Anne Waldman

 

Outrider

Essays • Poems • Interviews


200 pages


6 x 8 inches


ISBN: 1-888809-48-5 • 978-1-888809-48-0


$18.00

 

 

 

Anne Waldman has been speaking about the “outrider” tradition since 1974 when she and Allen Ginsberg founded the Jack Kerouac School of Disembodied Poetics at Naropa, a Buddhist-inspired university in Boulder, Colorado. This book gathers several essays, poems & rants, an interview with her by Matthew Cooperman, and an interview by her with Nicaraguan poet Ernesto Cardenal in an attempt to further articulate a sense of this tradition from Walt Whitman to the present. Not a dry presentation, this book is an fierce and loving look at what poetry can be. Outrider is an iinvocation of “lineage” as a challenge toward examining the practice of poetry and the links of its history. This awareness of lineage encompasses both what has been inherited and what needs be passed on. Waldman’s Outrider will be a provocative contribution to a post-millennium poetics.
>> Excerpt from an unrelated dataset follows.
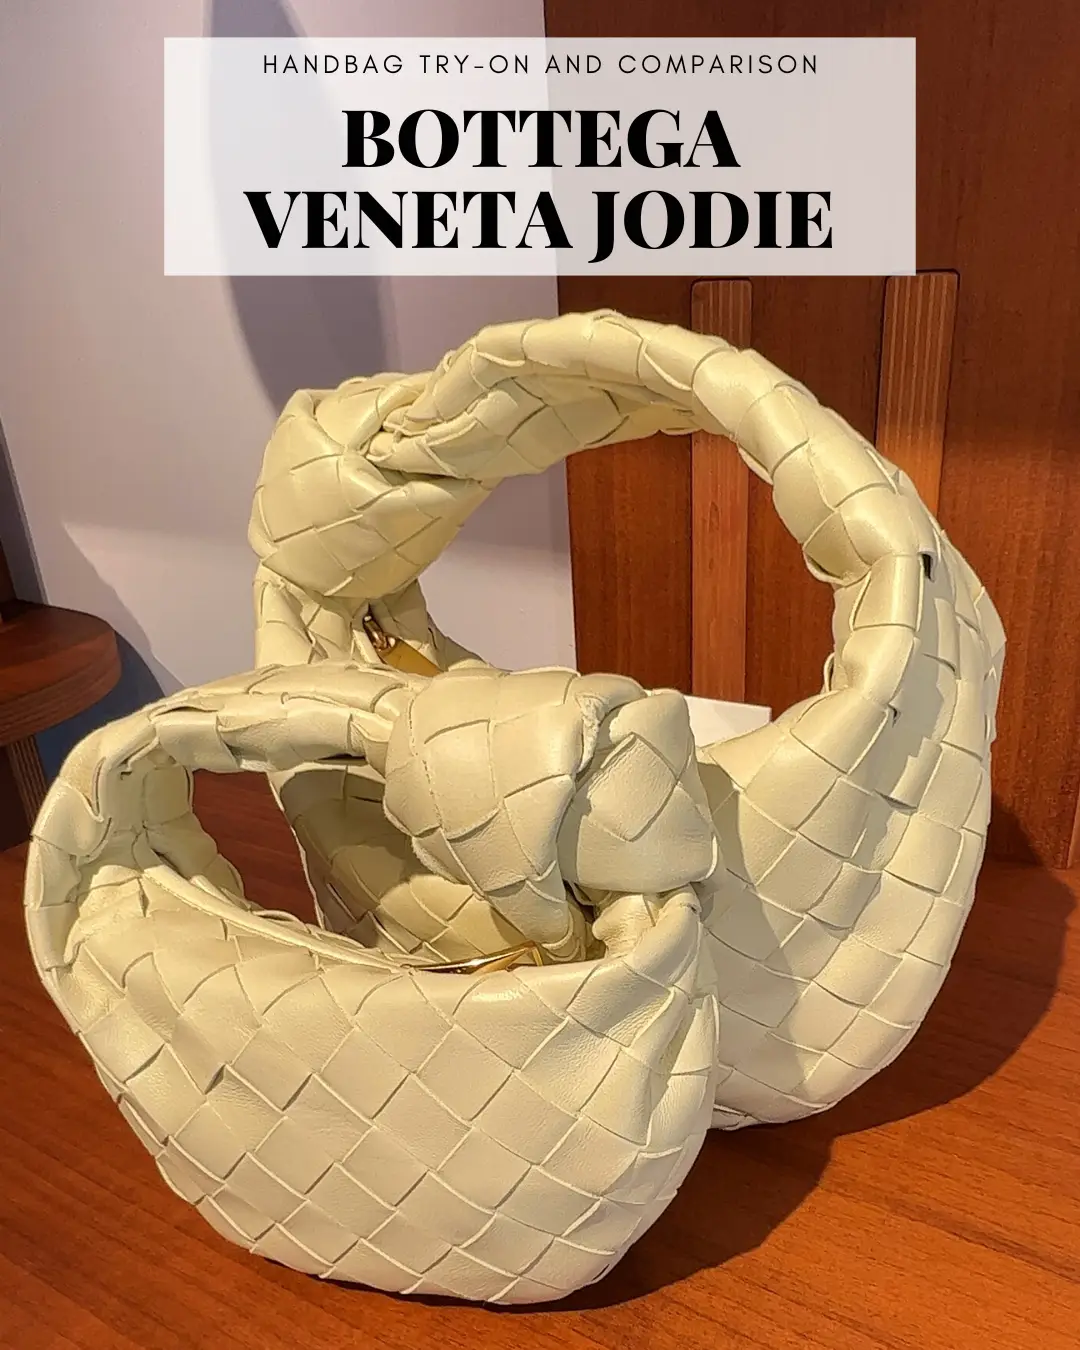 Bottega Veneta Jodie Teen Review  Gallery posted by Modeetchien

“The Outrider holds a premise of imaginative consciousness. The Outrider rides the edge—parallel to the mainstream, is the shadow to the mainstream, is the consciousness or soul of the mainstream whether it recognizes its existence or not. It cannot be co-opted, it cannot be bought. Or rides through the chaos, maintaining a stance of “negative capability”, but also does not give up that projective drive, or its original identity that demands that it intervene on the culture. This is not about being an Outsider. The Outrider might be an outlaw, but not an outsider. Rather, the outrider is a kind of shaman, the true spiritual “insider”. The shaman travels to zones of light and shadow. The shaman travels to edges of madness and death and comes back to tell the stories.”
—from the essay “Premises of Consciousness: Notes on Howl”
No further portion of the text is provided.